Nearby stood our waitress, waiting for orders with tears of blood flowing from her eyes. She was wearing a skin corset, that is, a corset whose dozens of opposing hooks, between which dark-red-and-black silk fabric was stretched, went into her actual skin in two rows up and down her back. I stared at the hooks, goggle-eyed.

“First round’s on me!” crowed Gina. “Let’s raise a glass of the favorite drink of Aleister Crowley, the Great Beast! To Debbie and Chip! Absinthe for everyone!”

“Could I please have a wine cooler?” asked someone timidly.

“I’d like a Budweiser Chelada,” said someone else to the torture waitress. “Do you have Budweiser Cheladas? Those ones that come in cans?”
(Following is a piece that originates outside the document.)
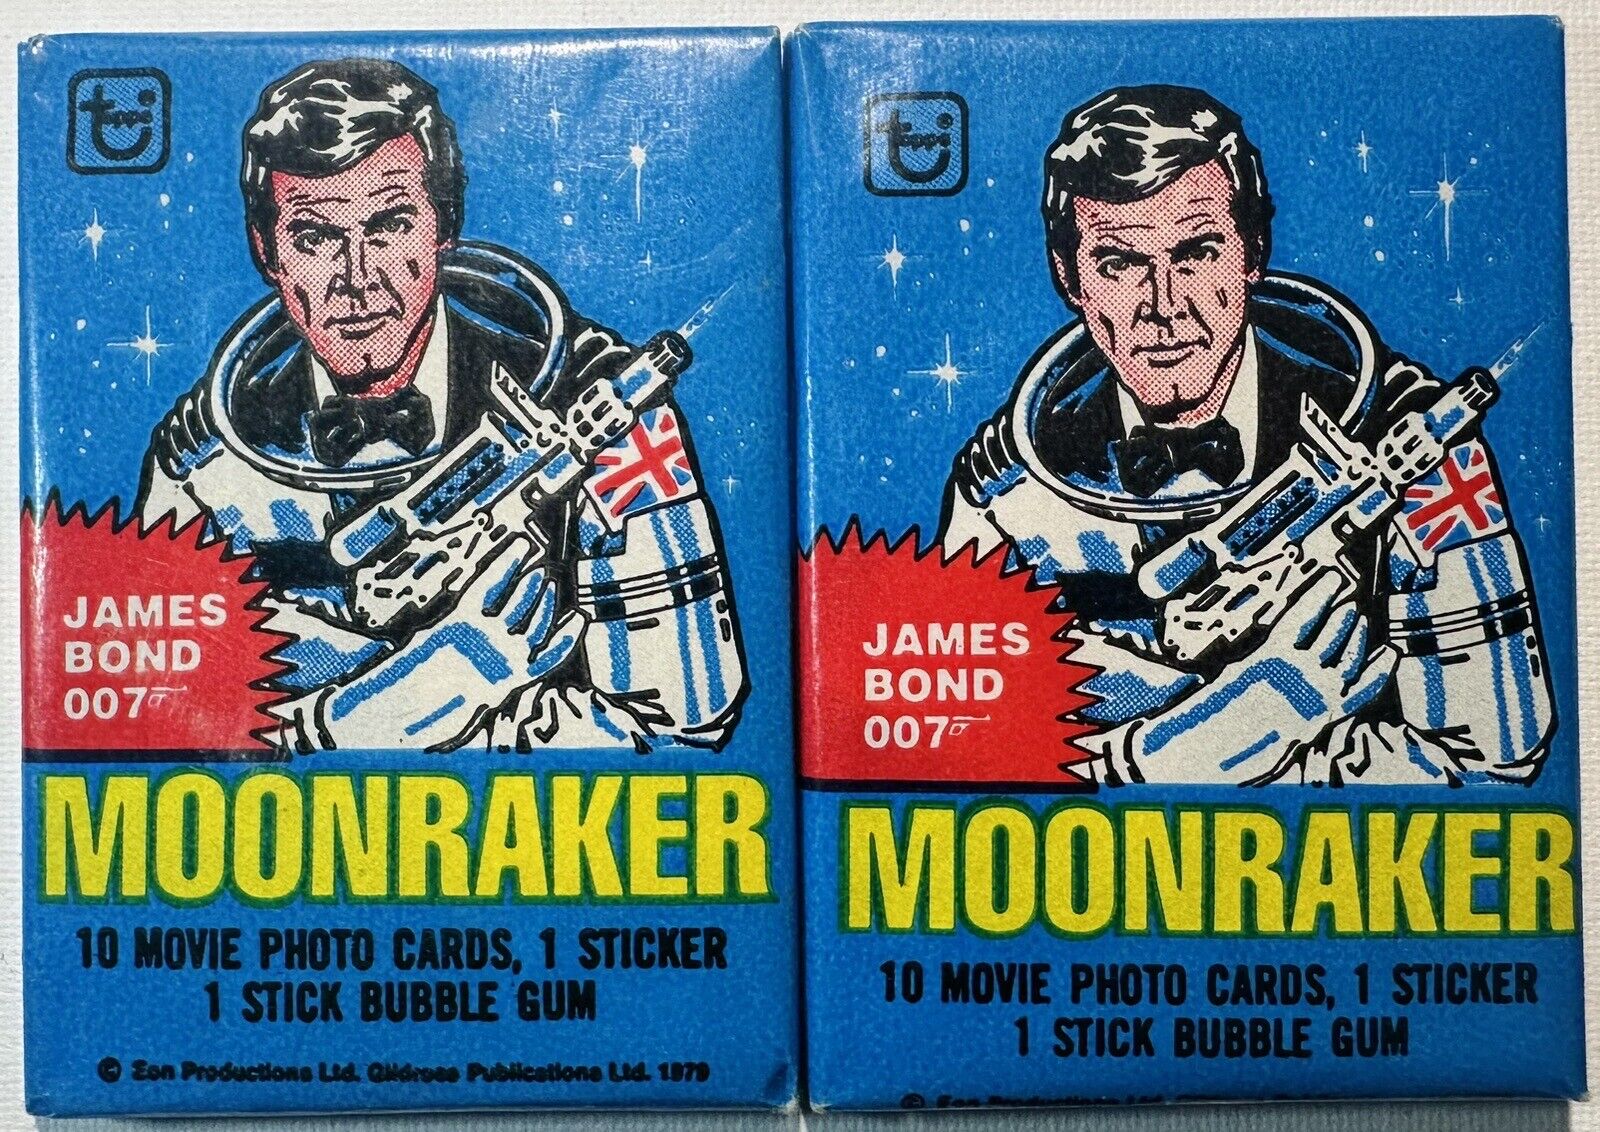 1979 TOPPS JAMES BOND 007 MOONRAKER SEALED WAX PACK MOVIE PHOTO CARDS - 10 CARDS

“Pimm’s Cup,” said my college friend Ellis, a good-looking dentist.

Ellis pretends to be a Brit, doing an accent he learned from
Masterpiece Theatre
, but his deal is he won’t admit he’s not English no matter what you say—despite the fact that his
parents were born and bred in Teaneck, N.J. The mother chews enormous wads of bubblegum-flavored bubblegum. Though technically a prosthodontics specialist, Ellis is really more of a method actor. He never drops his English persona, going so far as to eat cottage pie, Marmite and large jars of pickled onions; he even leaves his bottom teeth slightly crooked. He makes annual trips to London, ostensibly to “see some West End theater” but really for language immersion, honing the accent. I think he tries to pass there, and where he fails he makes adjustments. The upshot is it works perfectly for him, here in the Golden State, where based on his Englishman status he sleeps with dozens of women.
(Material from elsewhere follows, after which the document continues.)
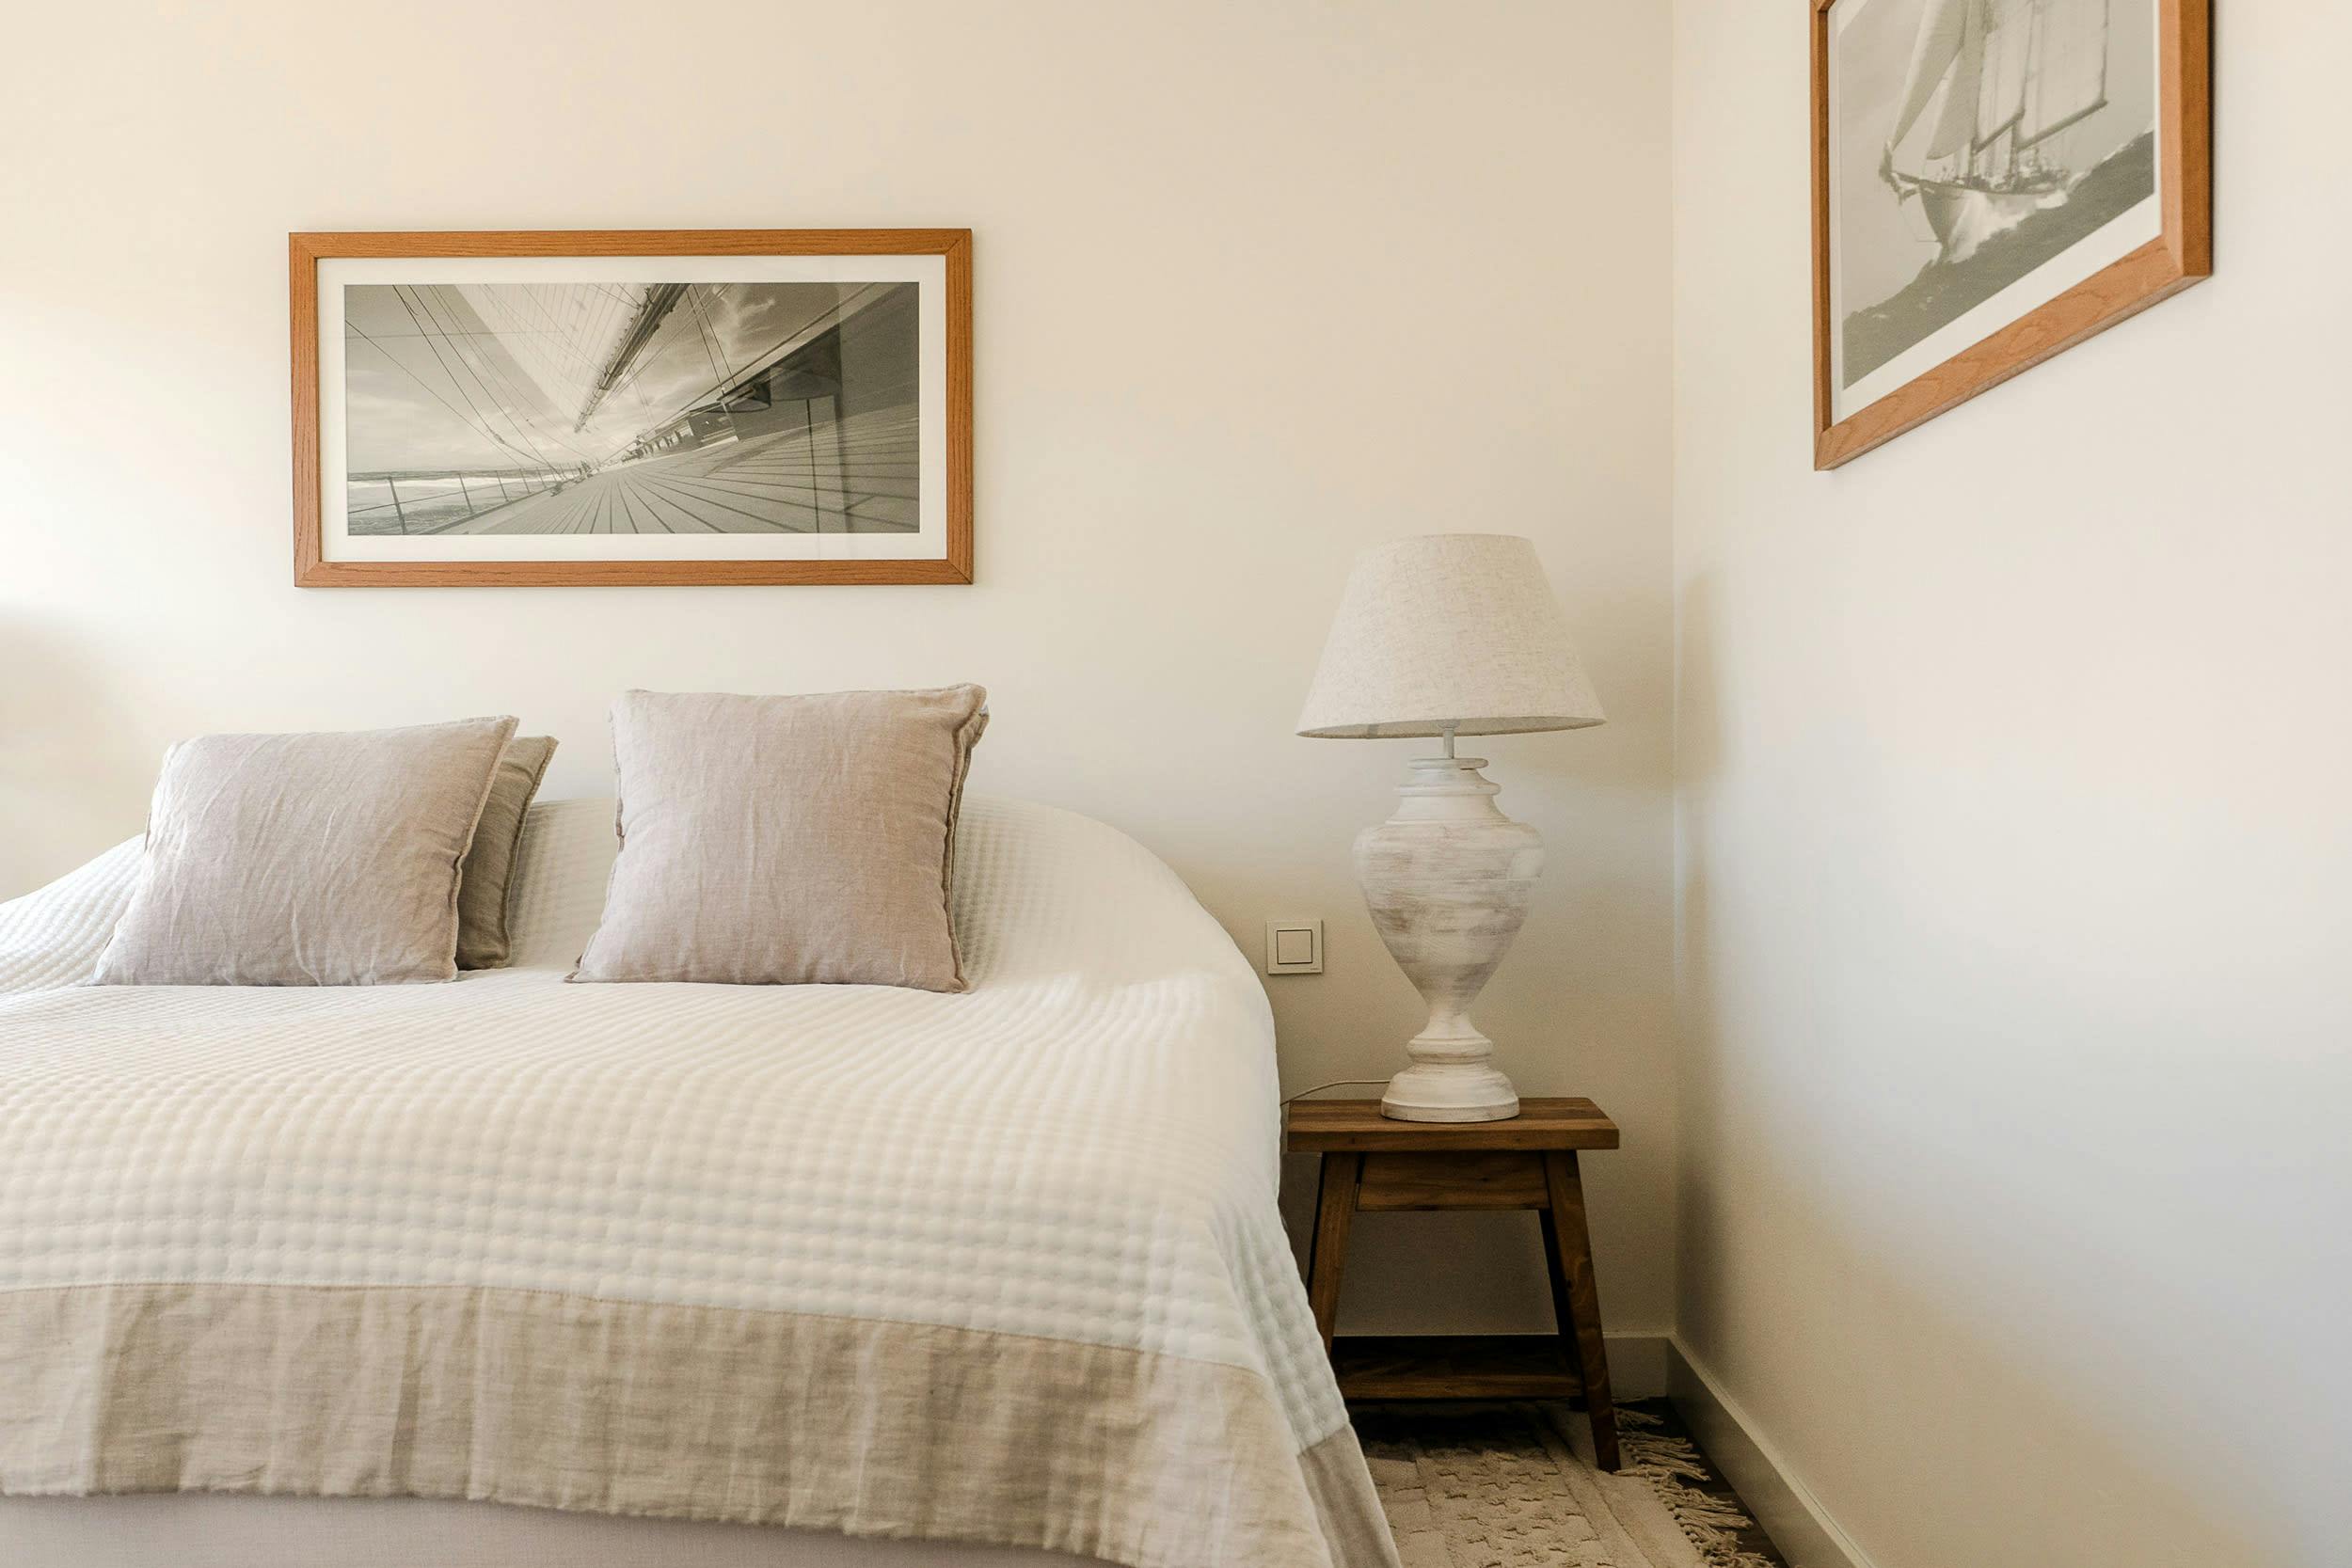 The image features a neatly made bed with a white comforter and pillows, placed next to a lamp and a picture on the wall.

No one was jumping onto Gina’s pretentious absinthe bandwagon. Everyone was annoyed they even had to be there in the first place, all they’d signed on for was a harmless bachelorette party and instead here they were at the Plague Death Tavern, where rooms off the main area had blood-dripping signs in visceral designs that read
RAVAGE
,
BLACK
TUMOR,
and
PUSTULE
.

Also, the cover charge wasn’t nothing.

I sympathized with my guests, hell, I agreed with them, so that when it was Gina’s turn to make a bathroom run I smiled at their plan to get back at her. And when we did—before too long—file into the private space referred to as the Ravage Room, several of us were feeling better than we’d felt before, newly brimful of liquid courage.

A minute later the red lights in the Rav. Room changed to a purplish-blue and an amateur theatrical began, involving a peroxide-wigged woman in a white dress, behaving fakely
innocent, and a muscular man, possibly garbed as some kind of primitive metalsmith, who wielded a battleax-like tool and seemed to have small nubs of horns implanted between his skull and his scalp. I couldn’t figure out what they were enacting, but I got the message that it was both purportedly twisted and achingly stupid.

“You’re kidding,” I groaned to Gina. “The pedophile theme? Really?”

“It’s tradition,” said Gina, smugly.

She wasn’t so smug a minute later, when the guy with horn implants turned his attention away from the pretend virgin and focused it on her. One thing about Gina is, she talks a great game and she’ll even walk the talk if she can do so in private, but she doesn’t like to be in the spotlight. It’s a secret weakness that can, if necessary, be turned against her.

The horned man in his satanic leather stylings had a piggy, solid kind of face on him, a face that signaled openly that he was a minimum version of a
Homo sapiens
—not unlike the gay male strippers we
would
have been watching if Gina were more of a Republican. And when he turned that dumb face on Gina, then knelt down and began lavishing attention on one of her feet, she turned red as a beet. Not only was he lavishing slavish, adoring attention on the foot, he actually slid one of her boots off and buried his face in her toes.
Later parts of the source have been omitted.